Archives: transplant

My Emily: the friend who was always one step ahead

Lots of things will be written and spoken of Emily Assen (neé Thackray) in the next few days and weeks. She died yesterday after a second double-lung transplant proved too much for her body to withstand.

Emily’s unique ability – using unique in its literal sense, as I’ve never come across anyone with the same gift – was to make everyone she ever came into contact with feel like they were the most important in her world.

There are dozens of people who will be grieving the loss of a best friend today, because that’s who she was to everyone: selflessly sharing her love and compassion for the world with all she brushed against and, in the process, making everyone she touched feel special, feel like they mattered. She made a difference.

Equally, everyone who knew her will have their own ‘Emily’ with whom they spent time, shared laughs and cried when it was warranted. We all new a different friend who gave different things to our lives.

My Emily came into my life in the early days of the internet when I first discovered the Cystic Fibrosis Trust forums: she was already there and dispensing support and advice as needed. I struck up a friendship with her and with some of the other frequent posters and we supported each other through tough times of losing friends that we were terribly close to. It seems nothing much changes in a life with CF.

When she set up the organ donation campaign (now charity), Live Life Then Give Life, with her great friend Emma after the loss of more than one mutual friend on the waiting list for transplant, I offered to help in any way I could. I ended up being one of the first Trustees of the charity and being part of the team that one Best Campaign Team at the 2008 Charity Times Awards and Best New Charity the following year.

My Emily was always one step ahead of me on my CF journey. She was the first of us to start needing supplementary oxygen. She was the first to use a wheelchair. She was the first to have a lung collapse. She was the first to be assessed for transplant and, thank God, the first to receive it. She was the first to be married after her transplant, and the first to have serious complications. Now, she’s the first of the two of us to go.

What became indelibly unique, thought, was that everything she went through became a source of help and information for others. She never hid away from anything and always used her own lived experience to make it even a tiny bit easier for others going through it. She supported me as I took every step and misstep she took a few months further down the line.

The day I finally got my transplant call I remember sending her a message and getting an immediate phone call back.

“Take some paracetamol now,” she told me.

I wasn’t sure if I should, but she countered immediately, “The stress of the situation might raise your temp and if it does they won’t go ahead. Take two paracetamol now and it will drop your temp if you have one, but it won’t mask anything more serious that could be a real contraindication.”

I took them. I passed the tests. I got new lungs.

The story that sums up Emily, though, came through on my Facebook last night from one of my oldest friends and was one that I’d never heard before. This stands as testament not only to her willingness to help and support anyone and everyone, but also to be humble and quiet in going about it.

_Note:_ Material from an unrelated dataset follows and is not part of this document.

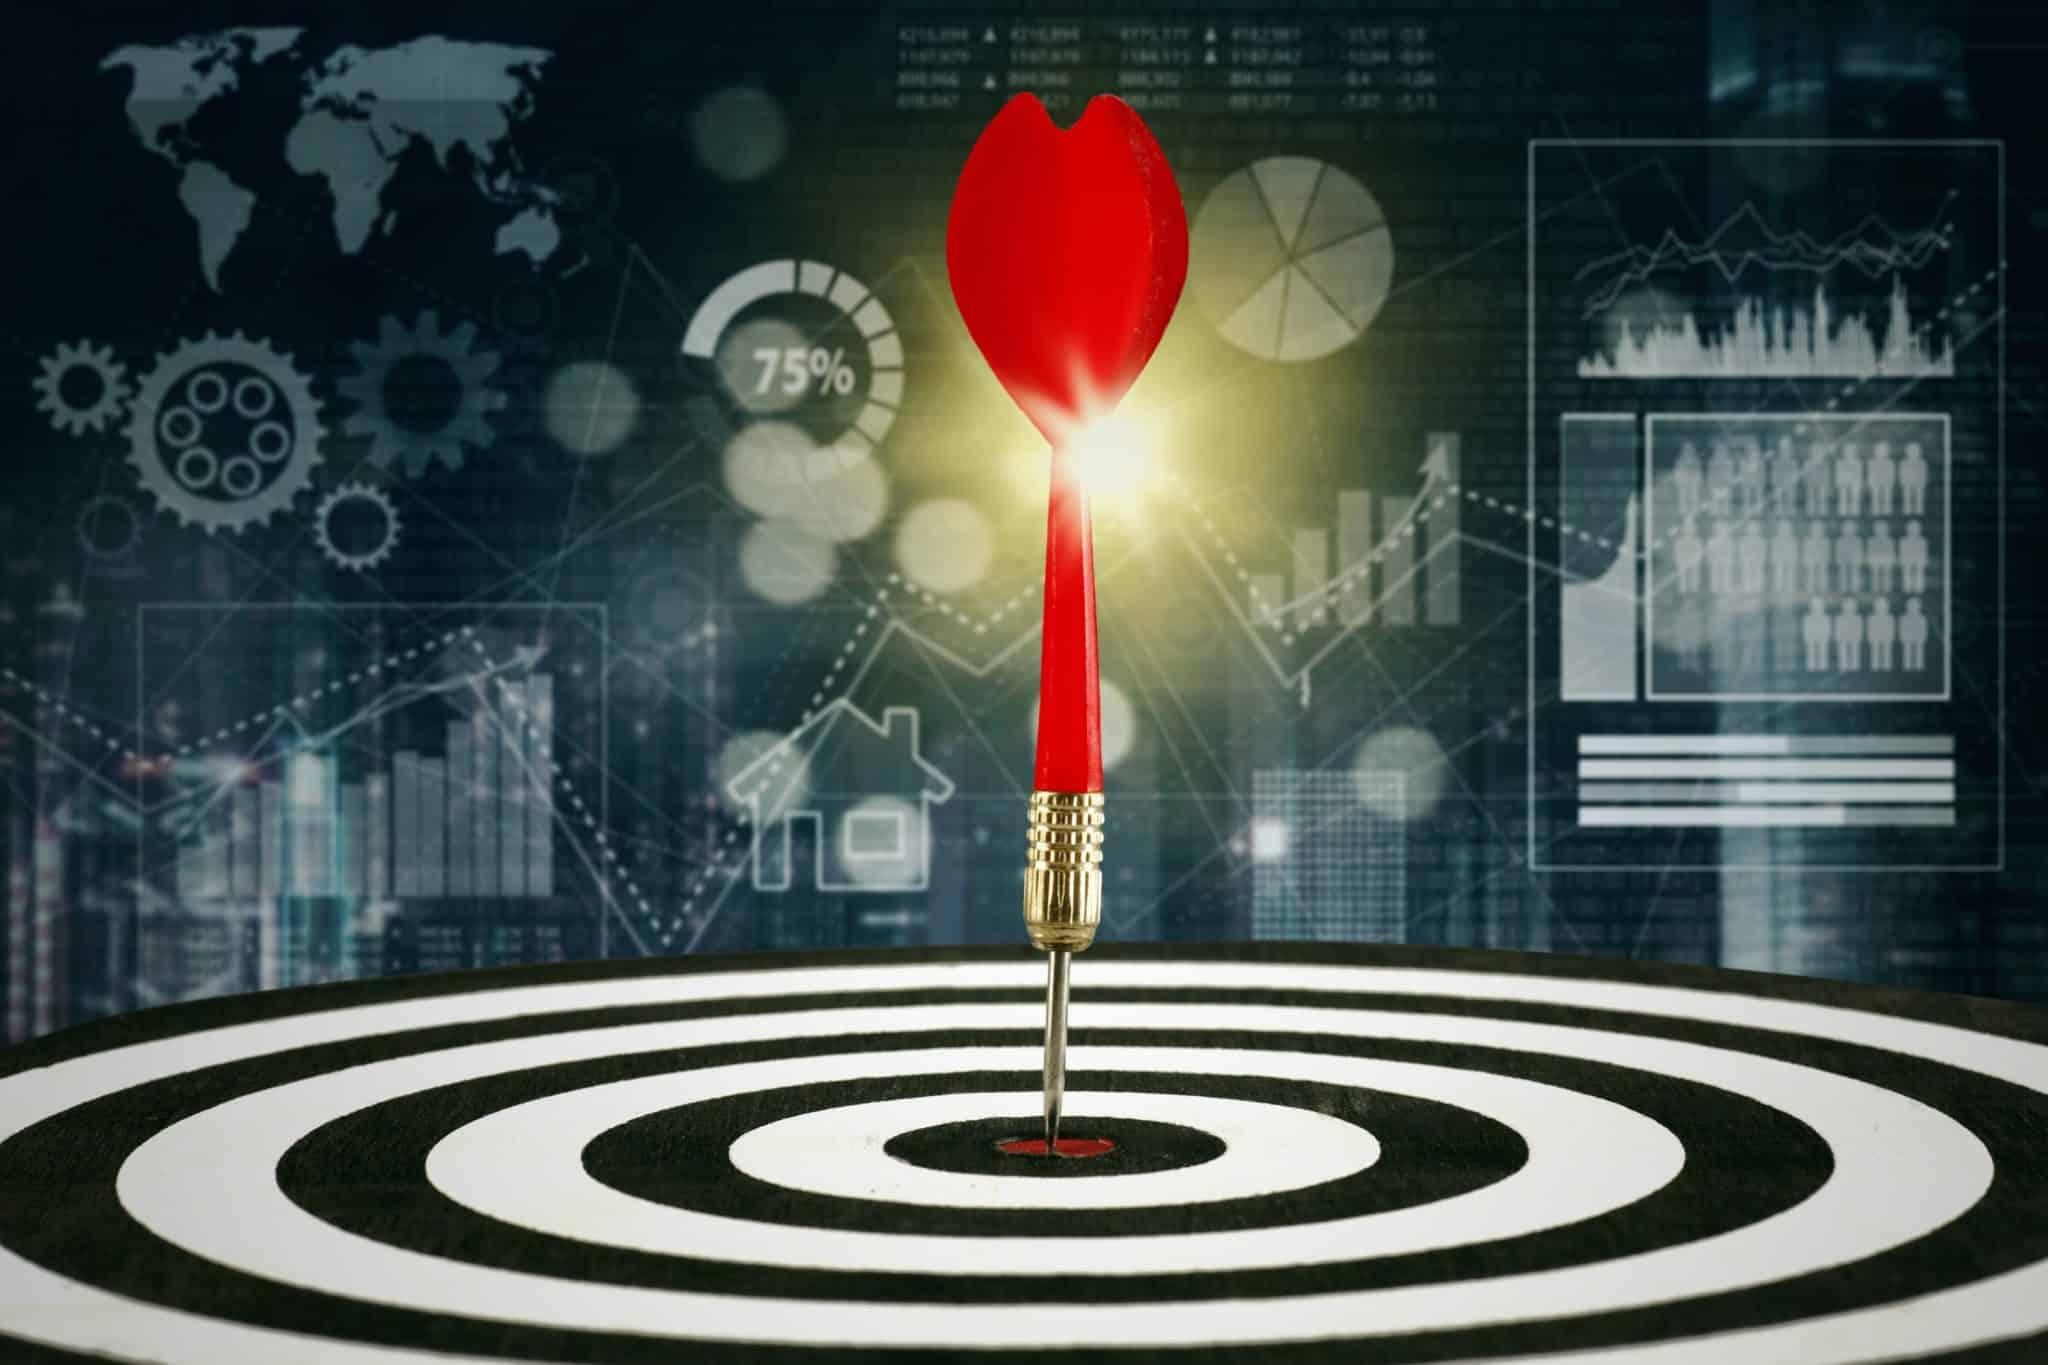 MaRisk Update: Risikotragfähigkeit - SREP - ICAAP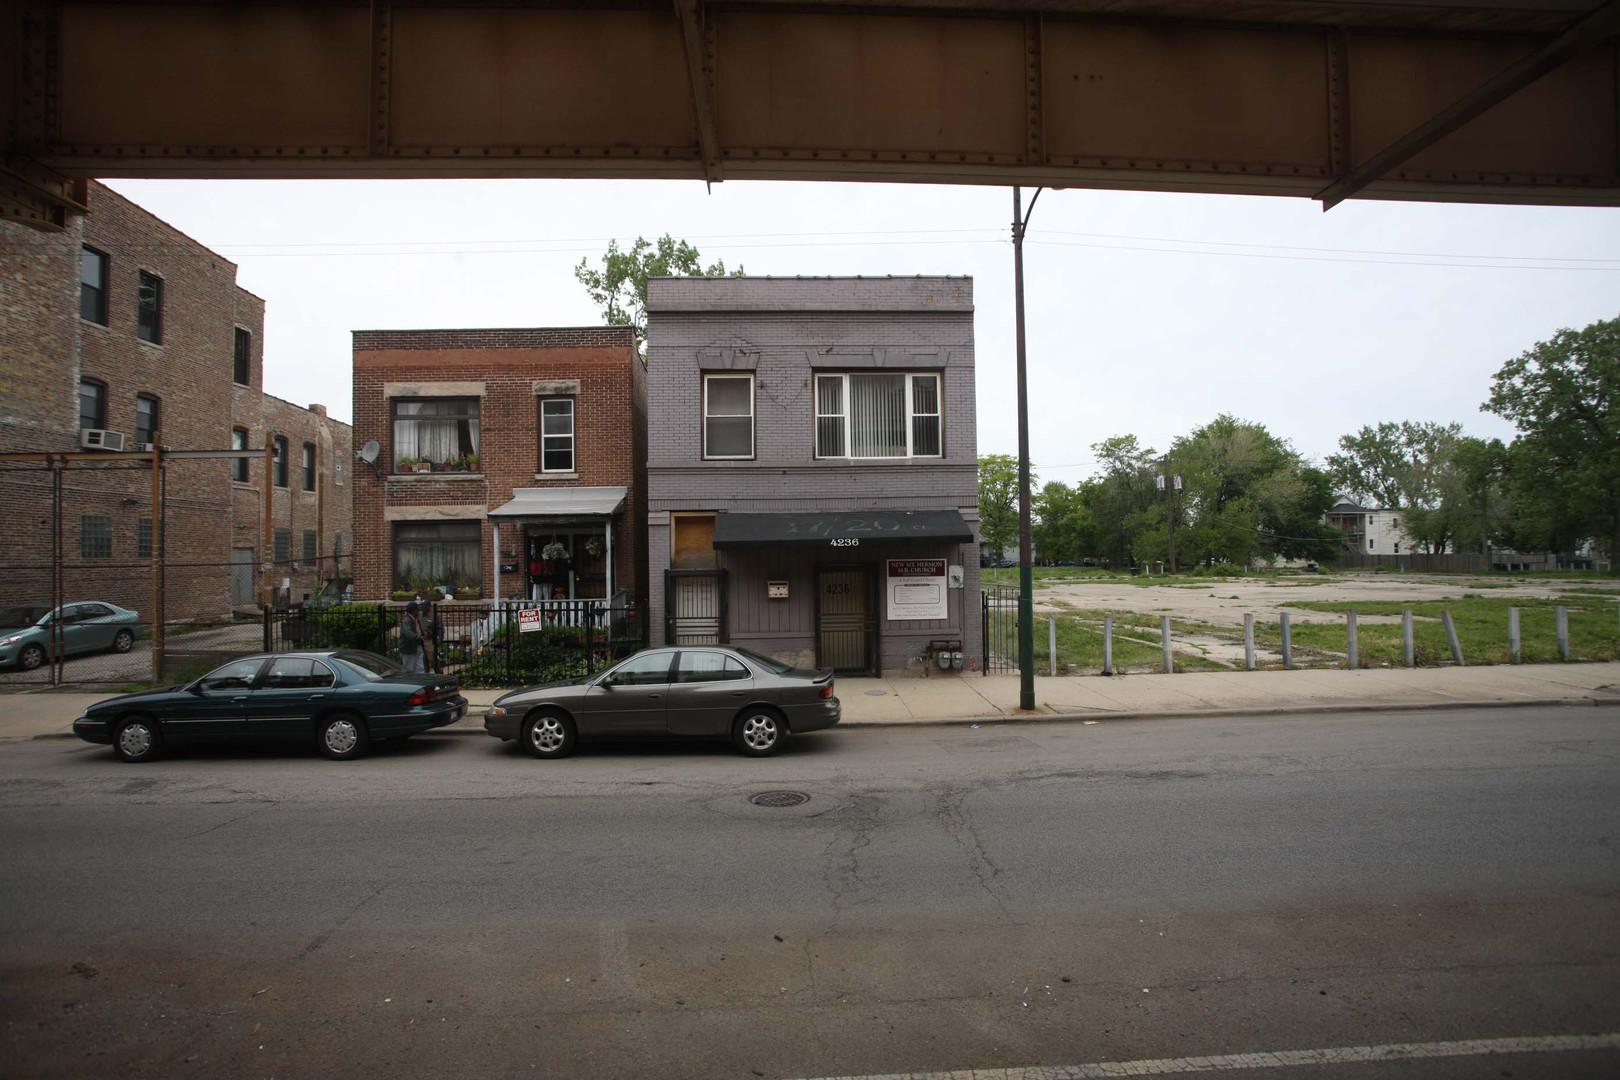 4236 W Lake Street, Chicago, IL 60624

“She was so wonderful when you got your call, patiently, calmly keeping me informed about the stages, what to expect, what were the good signs, what to worry about & what to cheer.

“All the way through your surgery and recovery she stayed in touch, answered my many emails and sent me random messages asking how I was doing – she had volunteered herself to essentially be my support as I didn’t want to bother your parents or K too much with my need for information and updates. It meant such a lot to me and I was incredibly appreciative knowing she was a message away to answer a question or calm a worry.”

That’s Emily: friendly, warm, generous and patient. And not just my Emily, that’s everyone’s Emily.

Em, you will be missed far more than most of us can understand, but we remain ever grateful for the joy and happiness your brought to our lives, for the connections and friendships you forged that will last long into the future, and for the blessing of finally understanding one of my favourite quotes:

“She was a line of poetry in a world of prose.”
Polly Toynbee

The Pros and Cons of Transplant Week

If you follow me on Twitter, you can’t have helped but notice that it’s been a very busy week, with no less than five pieces of media telling my story during transplant week. (Links to follow).

Transplant week is always a special week for me, for very obvious reasons. It’s a chance to harp on about the miracle of organ donation and for me to tell my story to inspire people to have difficult conversations with their family and sign the Organ Donor Register to record their wishes.

It’s also a challenging week. It forces my life into a spotlight, not just in the media, but in my own head as well.

Talking about the difference between pre- to post-transplant me shows just how far I’ve come, but also challenges my perception of my life and what I’ve achieved. It challenges my understanding of the world I live in and it challenges the decisions I’ve made in the years since my transplant.

And here’s what it all comes down to:

I feel a pressure to “succeed” and make a difference that my donor would be proud of.

The funny thing is that I know this is silly. I know there’s no reason for me to feel this way, or for it to leave me feeling inadequate if I haven’t achieved what I feel is “success”. Yet it’s a feeling I can’t shake.

As one very good friend said to me during the week when I voiced this to her, “Your donor will just be happy they’ve allowed you to still be here, regardless of what you’re doing and how successful you are.”

The problem I face is that I don’t know that for sure. Yes, it makes sense. Yes, I can see the logic. But I’ve never met and will never be able to meet my donor, so I don’t know what they think.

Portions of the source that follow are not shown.